ACTIVITY |
Could you repeat every line below exactly, skipping the images?

DATA EXCERPT |
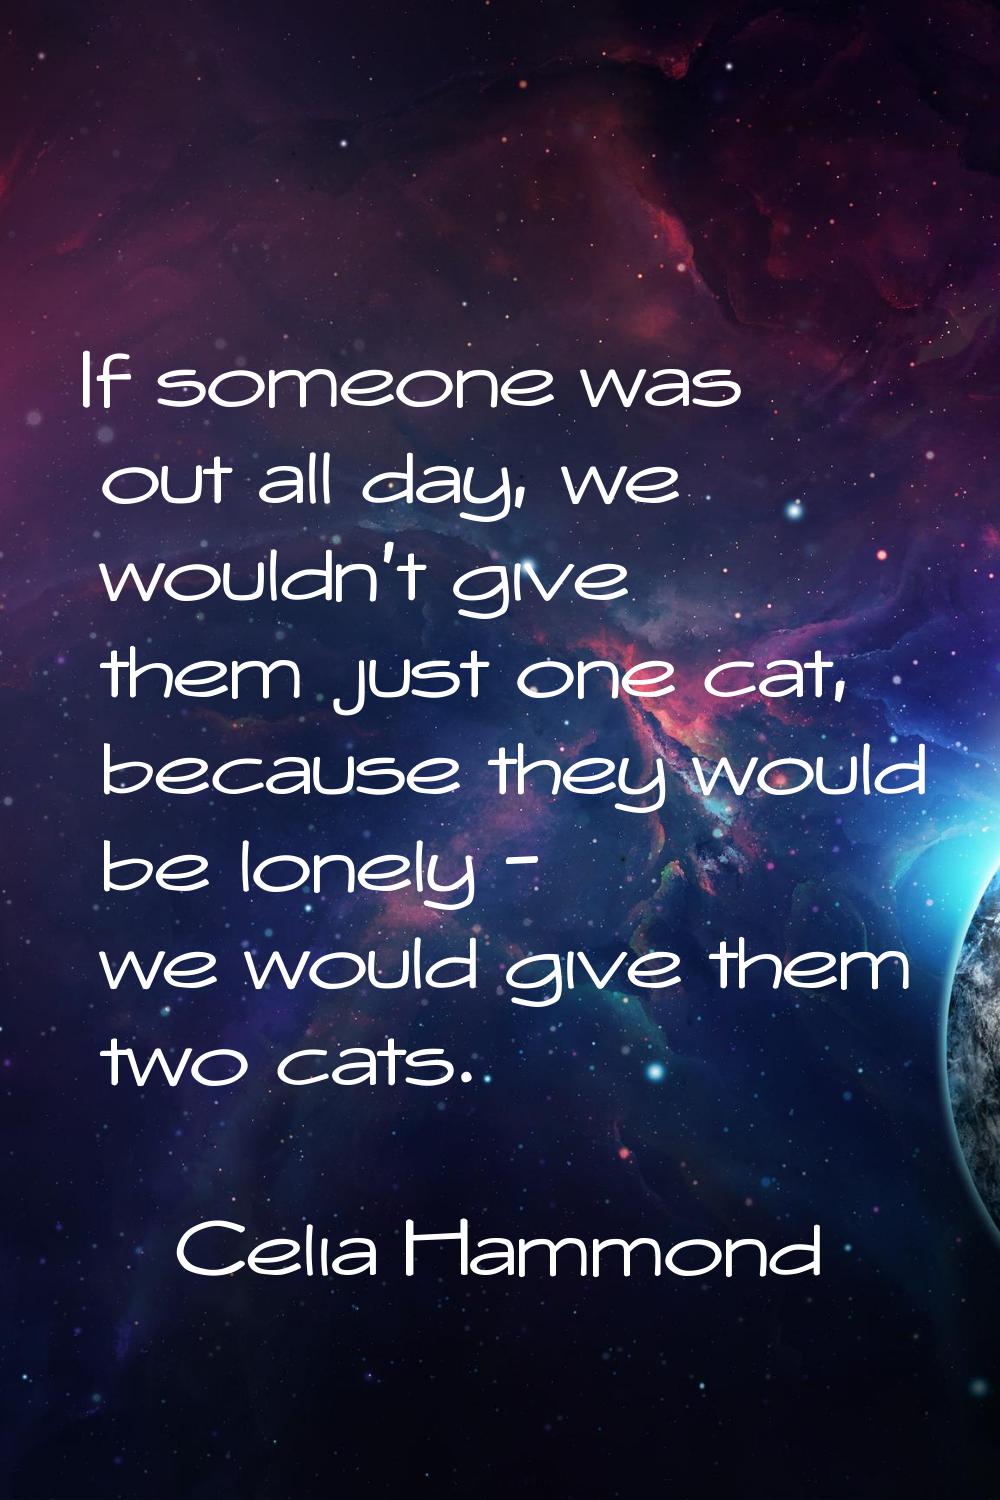 If someone was out all day, we wouldn't give them just one cat, because they would be lonely - we w
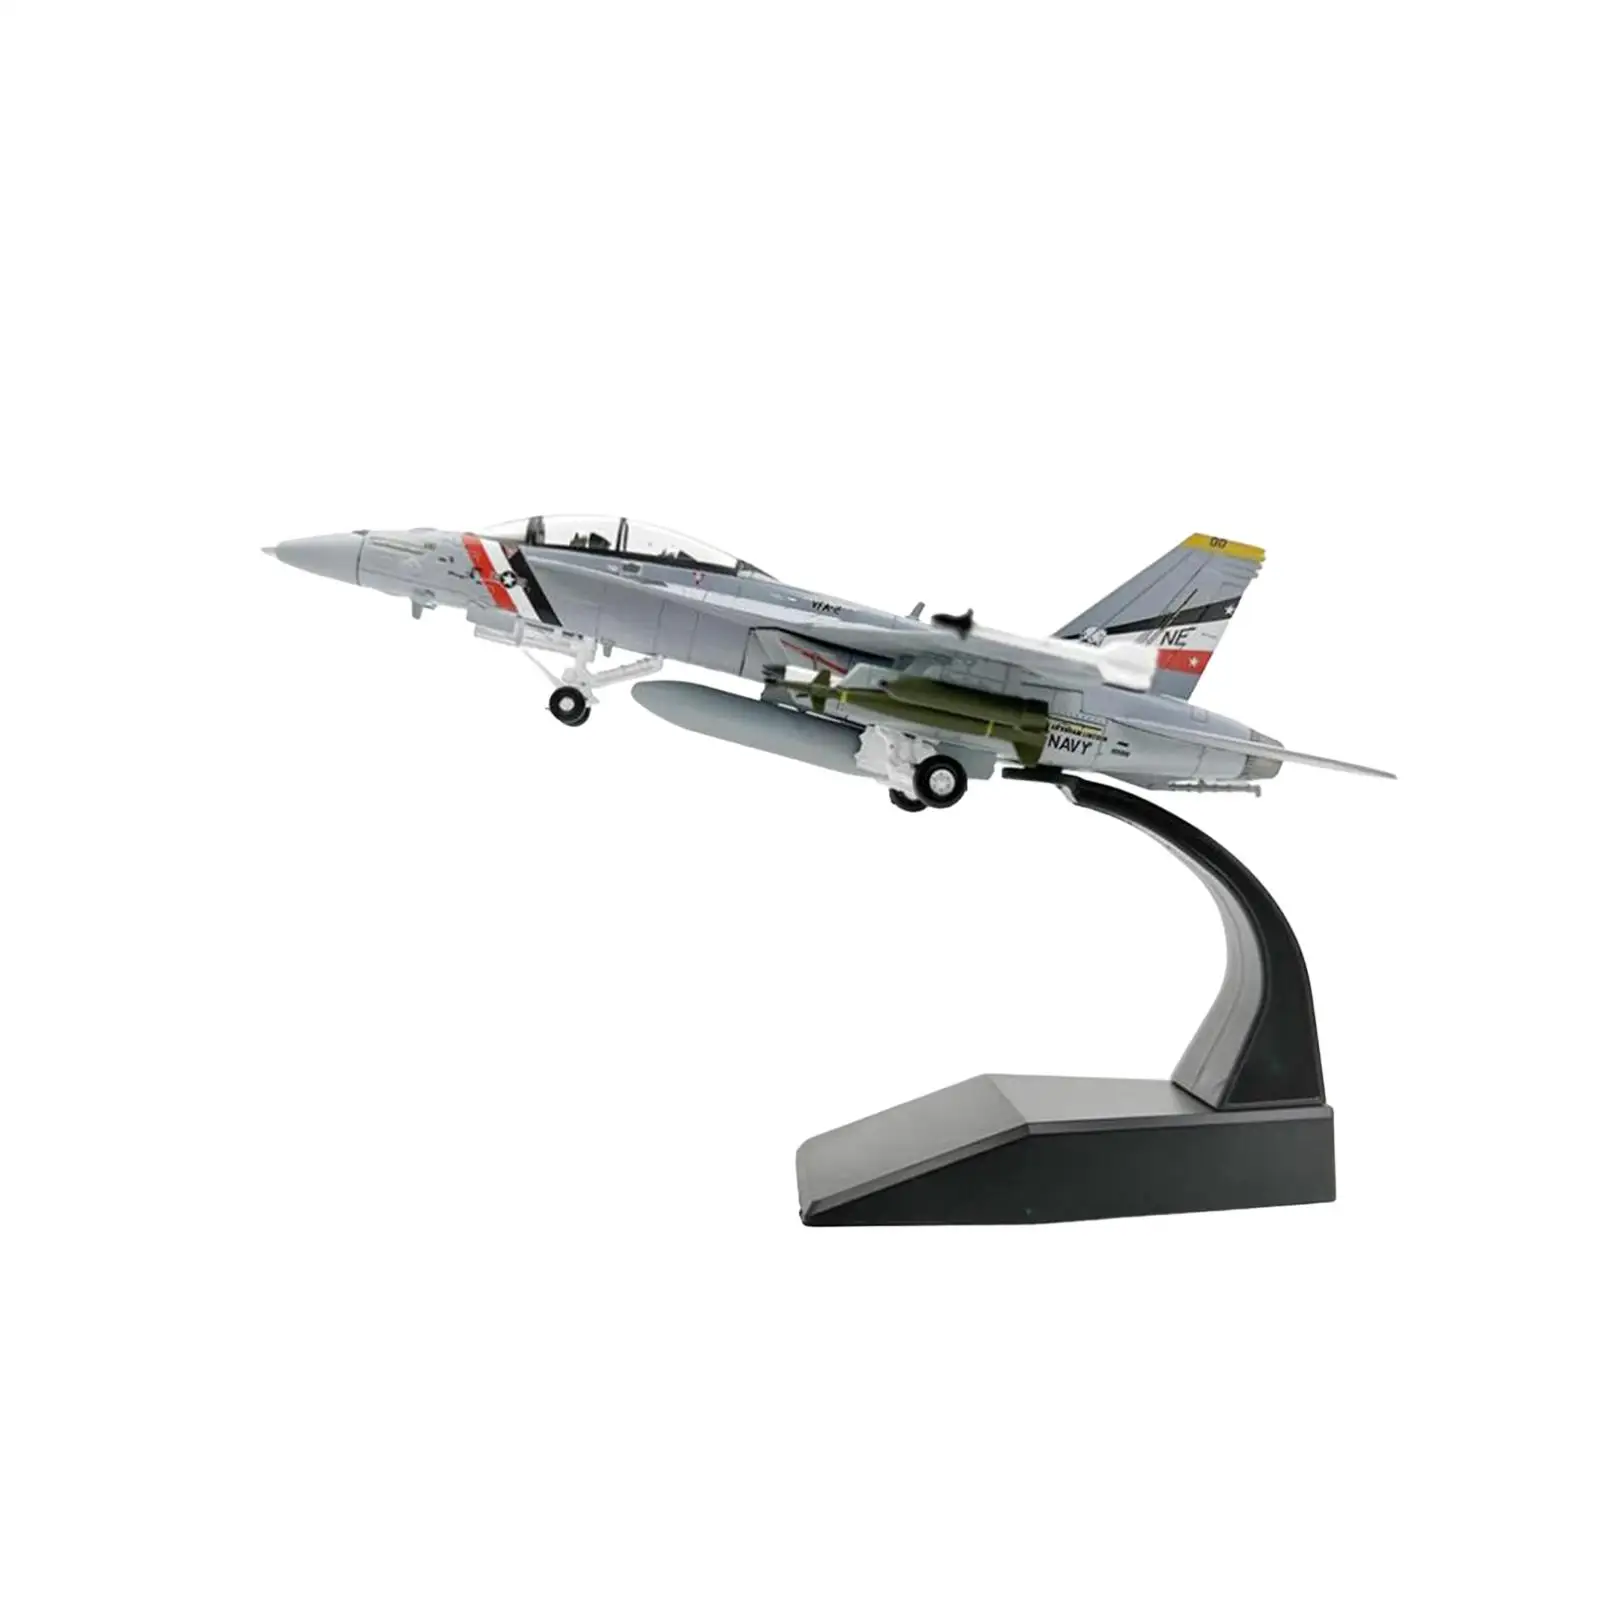 1/100 Scale Jet Aircraft Adults Gifts Diecast Alloy Model Airplane for Cafes Home Shelf TV Cabinet Aviation Commemorate
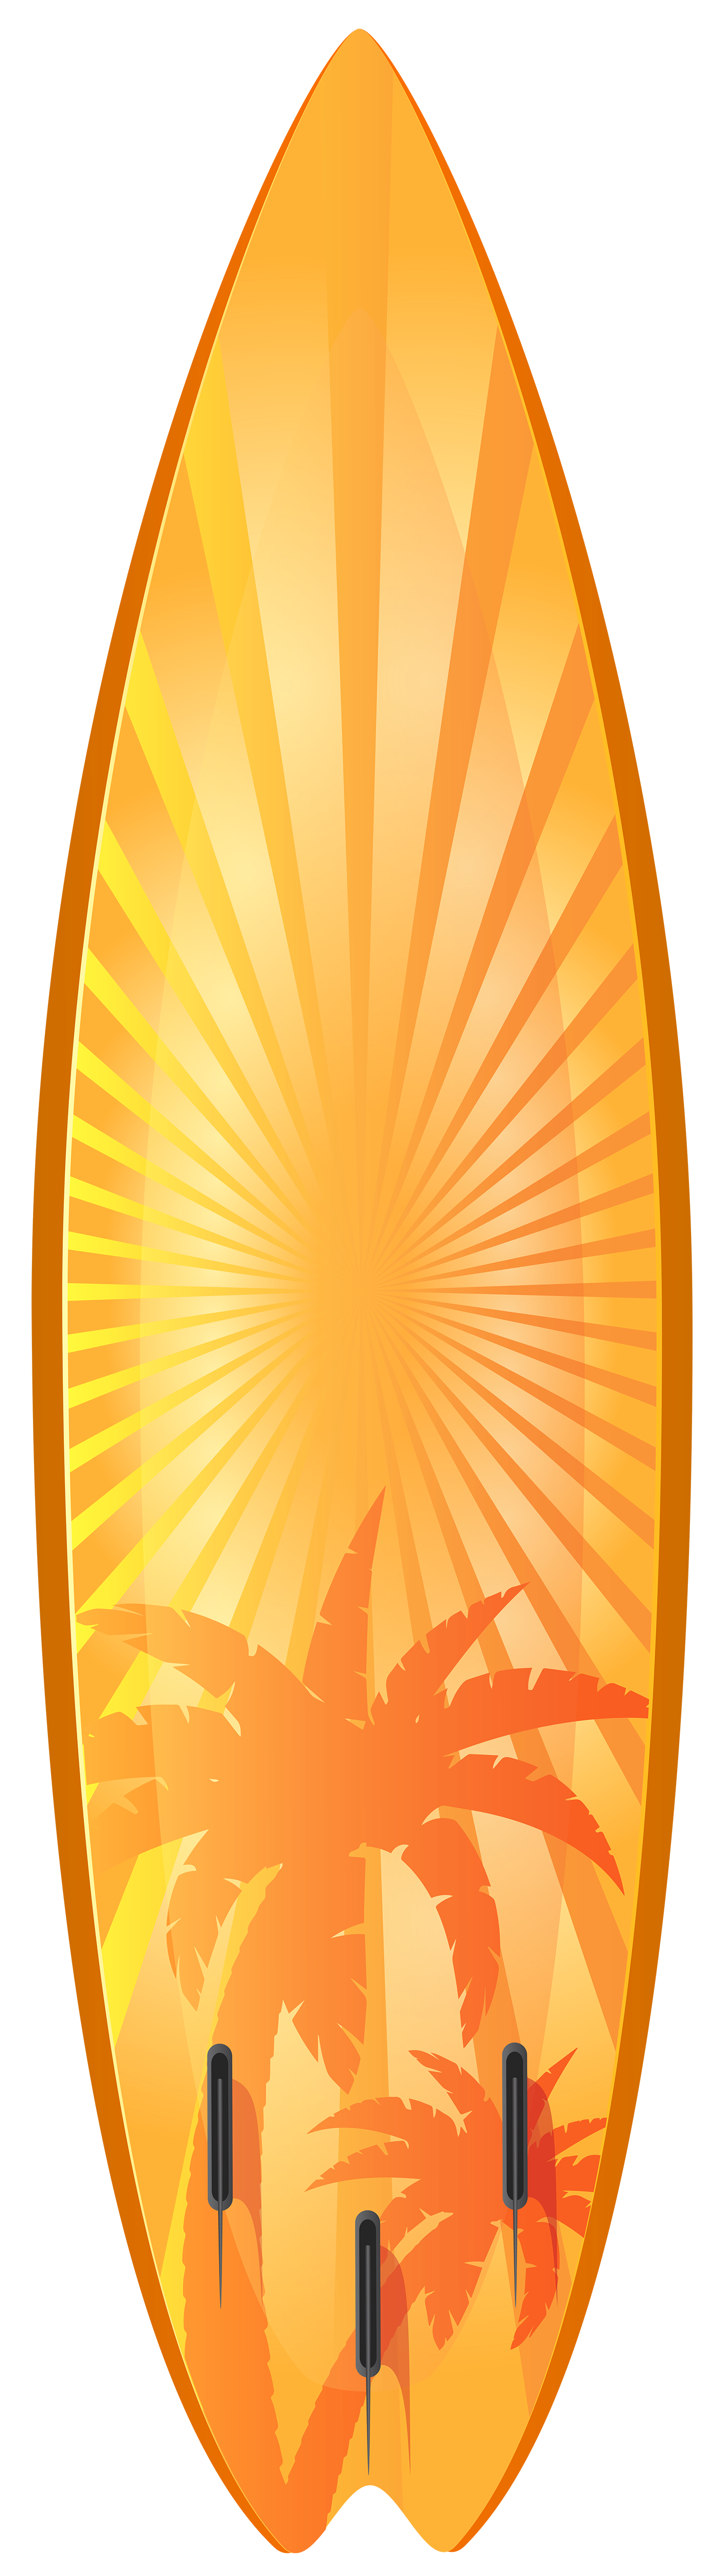 Orange Surfboard With Palm Trees Transparent Clip Art Image - Surfboard, Transparent background PNG HD thumbnail

RESPONSE AREA |
 If someone was out all day, we wouldn't give them just one cat, because they would be lonely - we w
 1/100 Scale Jet Aircraft Adults Gifts Diecast Alloy Model Airplane for Cafes Home Shelf TV Cabinet Aviation Commemorate
 Orange Surfboard With Palm Trees Transparent Clip Art Image - Surfboard, Transparent background PNG HD thumbnail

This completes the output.